Story 24March2022: No Chemo but Tired

The day started with me sleeping almost to 10AM. I am still tired and seem to need extra sleep. I manage to take pills, read emails, read the news, and write a long blog. It was the afternoon before I am done and made myself a ham and cheese sandwich for lunch. I am finally dressed at about 1:30ish.

I am dizzy when I stand too fast. The fatigue has me holding to something or sitting quickly in a chair. I am for a moment almost too weak to stand, and then the spell passes. I am careful now when moving.

Corwin surprises me by being up early and doing the dishes. He knows that I prefer to see the kitchen with some order when I get up. So he apologizes for not finishing the work the previous night and gets the kitchen in order.

I take Air Volvo to Forest Grove Rehab and Care Center at 3900 Pacific Highway, Room 44A, and travel through the Thursday Spring Break slightly heavy traffic without issue. The folks, staff, and residents, at the facility welcome me with smiles and waves. I have been going there almost every day for months, which gets me some street cred.

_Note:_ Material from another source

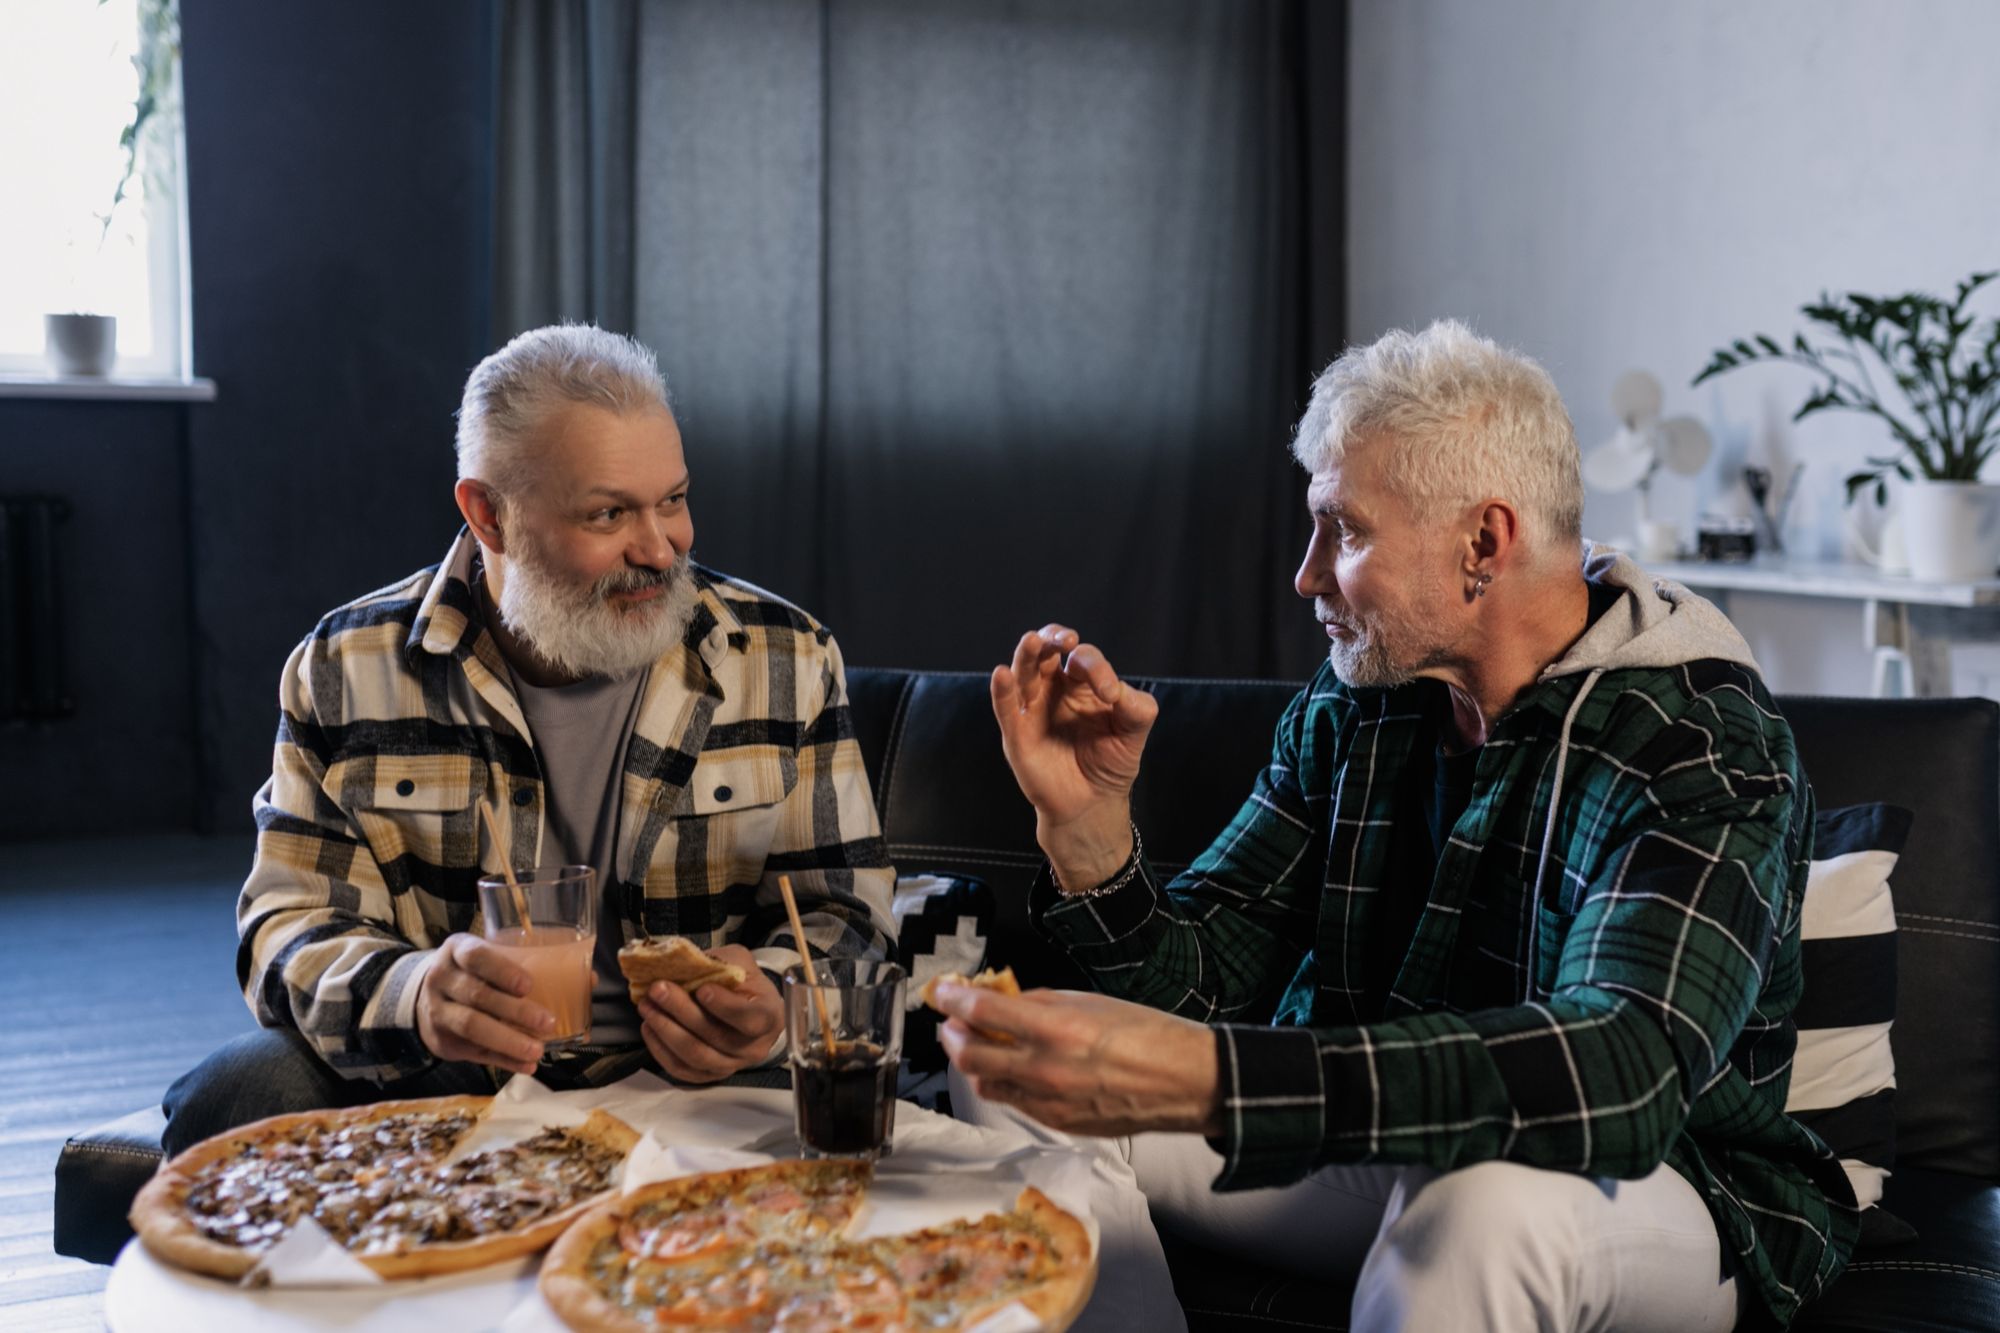 two men eating pizza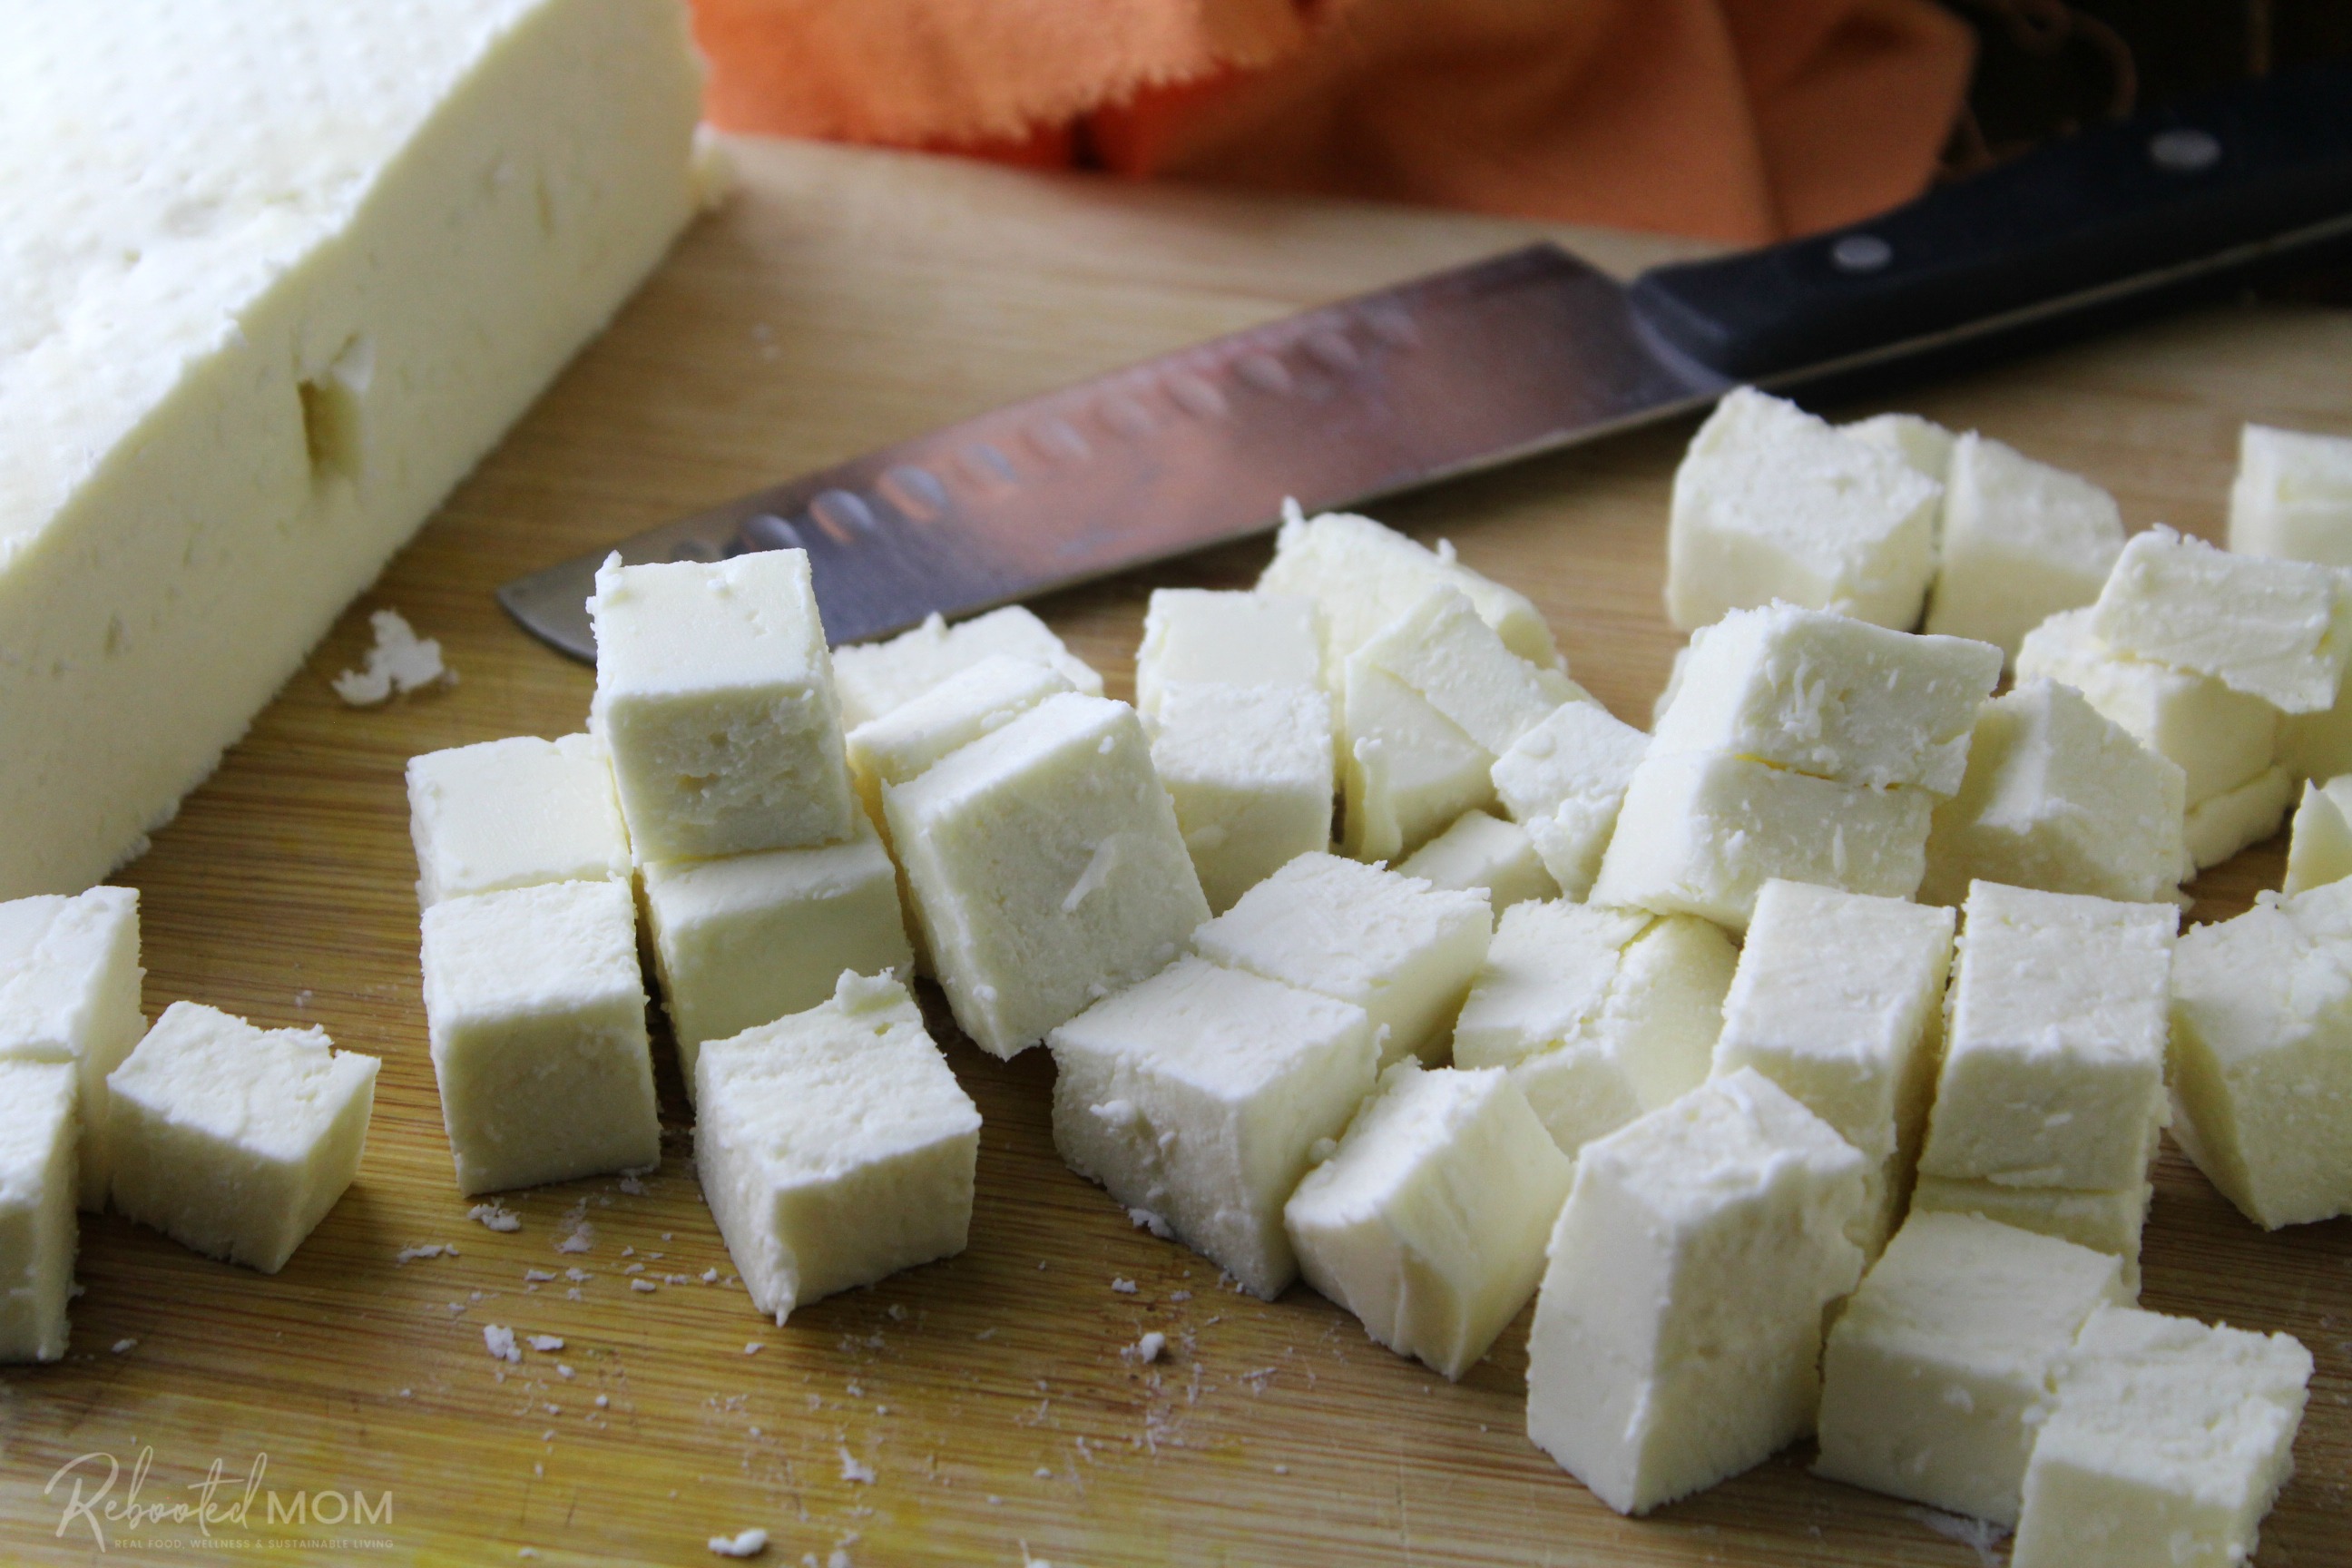 Learn how to make paneer cheese at home with these simple step by step directions that will allow you to make this deliciously soft, cubed cheese.

Susie is sitting in a wheelchair and at the tables near the nurses’ station. She is delighted to see me, but she can fall asleep in her chair–she needs to take a nap. We call Leta on my iPhone, and they chat about Leta and Barb coming on Saturday to see her.

It is a warm sunny day suggesting we are in California and not Oregon. Our climate, despite denials, has changed with us now getting sunny days in March. Unheard of in my first decade of living in Oregon, where March was just a gray constant rain and mist. We used to say of the first six months of the year that the only difference was the temperature of the rains. Now we can see seasons.

I decided Susie needed to visit our California-like day and headed outside with her. I took her all the way to the Pacific Highway and the 57 bus stop. She used to ride that bus.

I managed to get Susie back to the facility, but I was now dizzy and seeing some stars. I have overdone it. Susie’s eyes are now only half-open. So she heads to a nap, and I head out. I take a few minutes in Air Volvo, waiting for my body to rest a bit.

I managed to drive home without incident and had no dizzy problems.

It is getting towards dinner time, so I make tacos from a box kit. I brown the meat and then add a can of cut tomatoes and the seasoning packet. I bake the tacos filled with cheese and meat. I like them better this way instead of trying to put the stuff in a cooked shell. I am careful to sit between steps and manage it.

I decide that I have overdone it and just read the rest of the night. The Words that Made US has turned into a page-turner for me. I am on page 335 just at the start of the chapter on Hamilton, yes that one. I also found Akhim Reed Amar’s website and listened to 1/2 his lecture on the anniversary of the Contitution (I finished it this morning on Friday). I would recommend the book just on the style, let alone the contents with footnotes and these notes are even further exploded on his web page.

Finally, I am asleep about midnight, putting the book down.

So what have I done in these two months of chemotherapy? I have read about a meter of books, with newly written history and related essays being about 1/2. The rest are brain cookies of SciFi, even re-reading one series. Shows are less interesting to me, but the Marvel-based Hawkeye holiday story and the star wars series so far are the best. I have slipped in a few horror stories too. But, I need no new bad dreams, so that has been very light. Military reading has been magazines and wargames about current times (the wargames show the importance of supply-lines and air superiority–Looks like Putin did not buy a copy even with his picture and name on the cover).

Thanks for reading. I will continue to read and share. Suggestions are welcome for the next book, which I hope will be less than three inches thick!